- _Work item_
Images should not appear in the copy, yet every line of the listing below must be printed exactly.

- _Data below_

Content starts

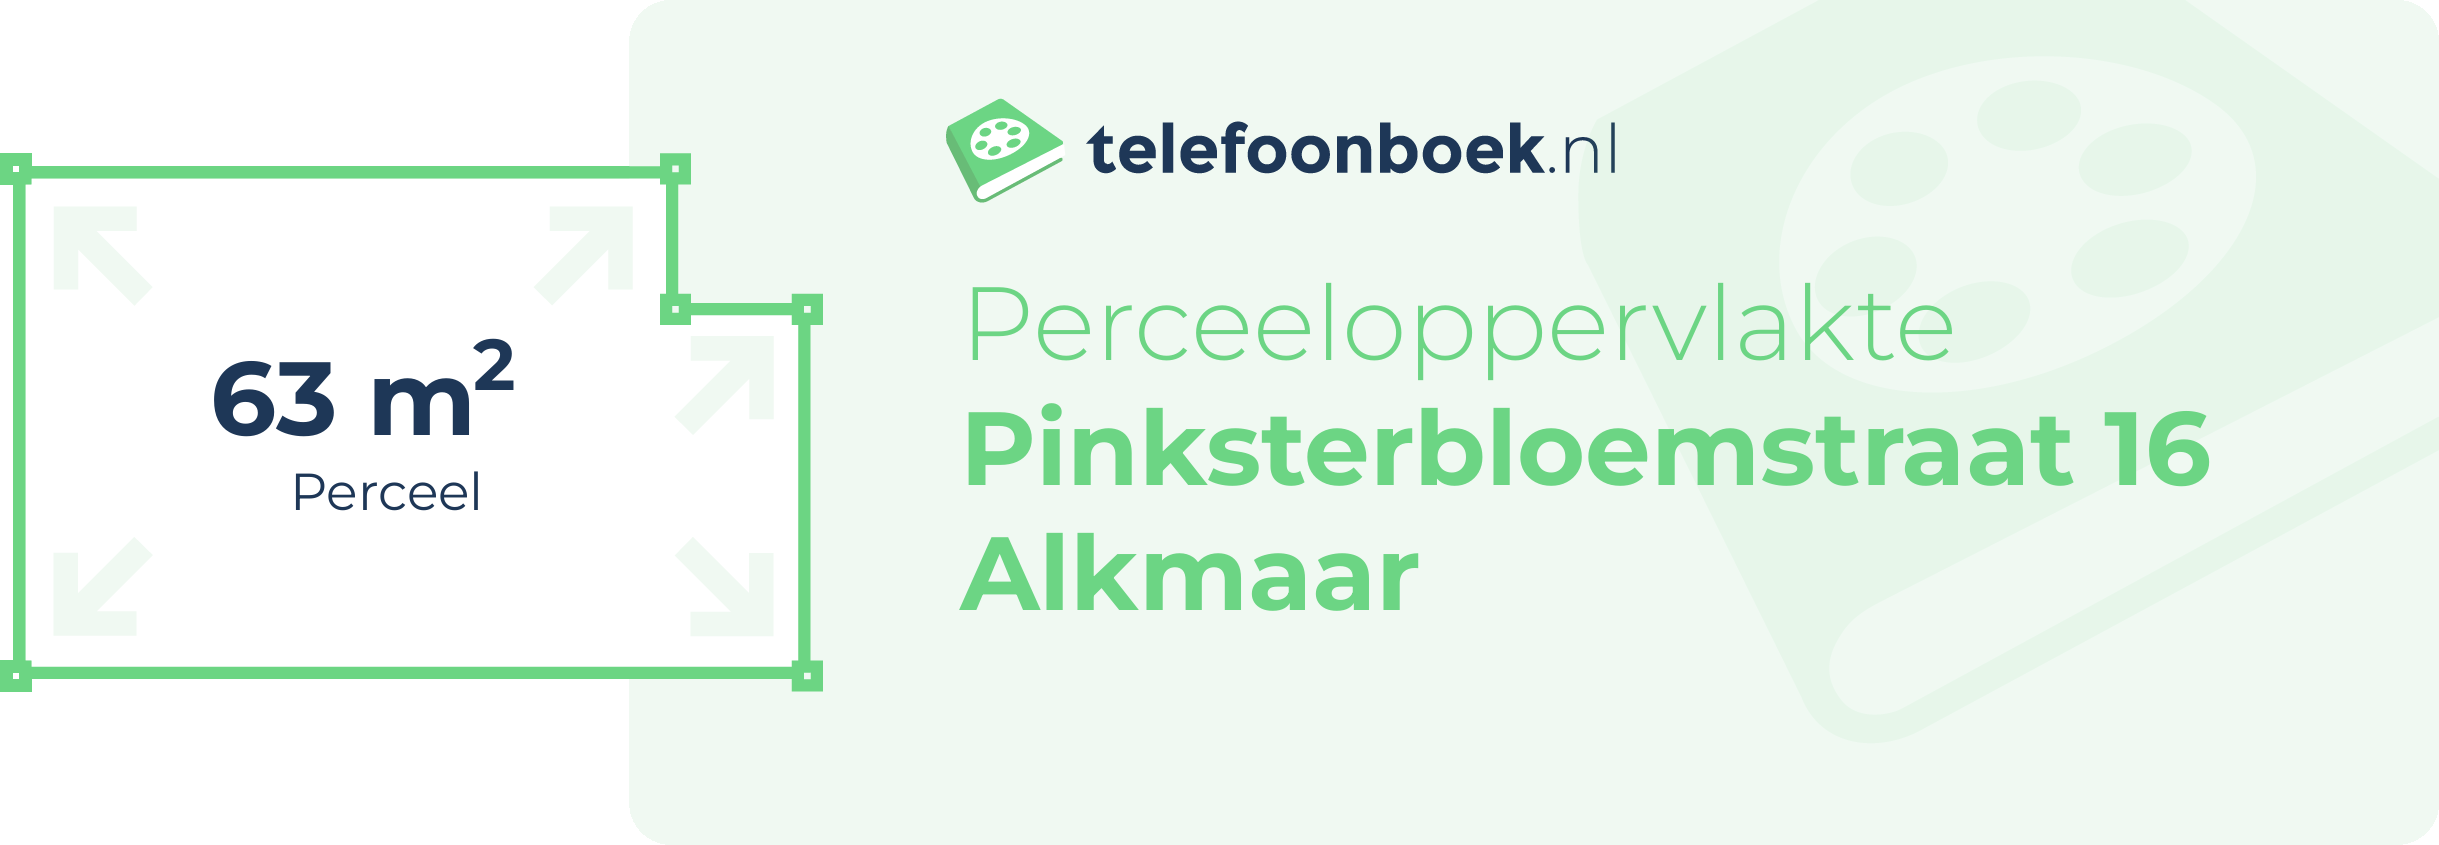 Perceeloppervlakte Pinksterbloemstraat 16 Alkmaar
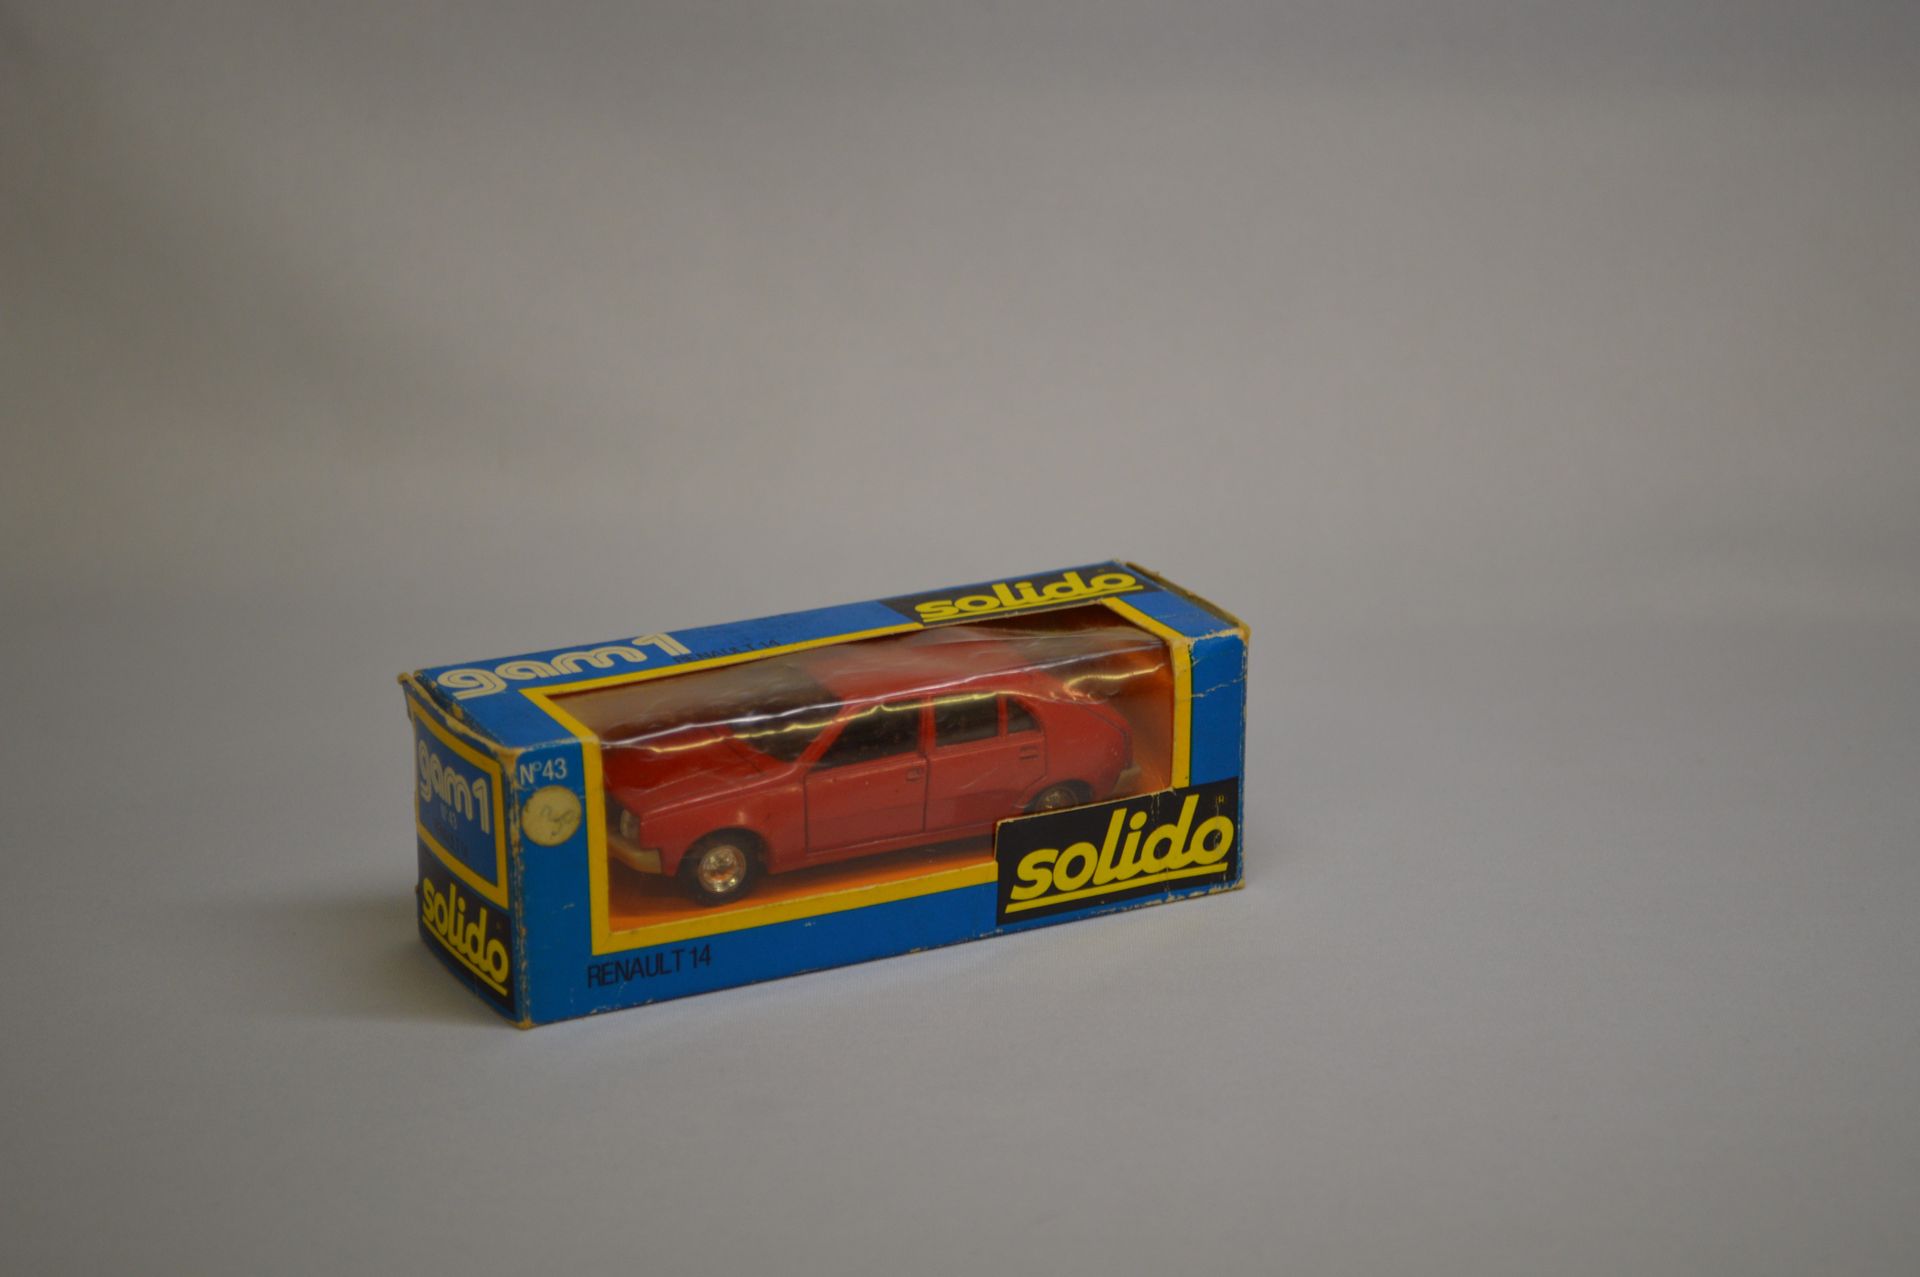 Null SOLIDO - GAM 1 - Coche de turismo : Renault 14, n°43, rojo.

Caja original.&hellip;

Content ends

- _Problem solution_
 Perceeloppervlakte Pinksterbloemstraat 16 Alkmaar
 Null SOLIDO - GAM 1 - Coche de turismo : Renault 14, n°43, rojo.

Caja original.&hellip;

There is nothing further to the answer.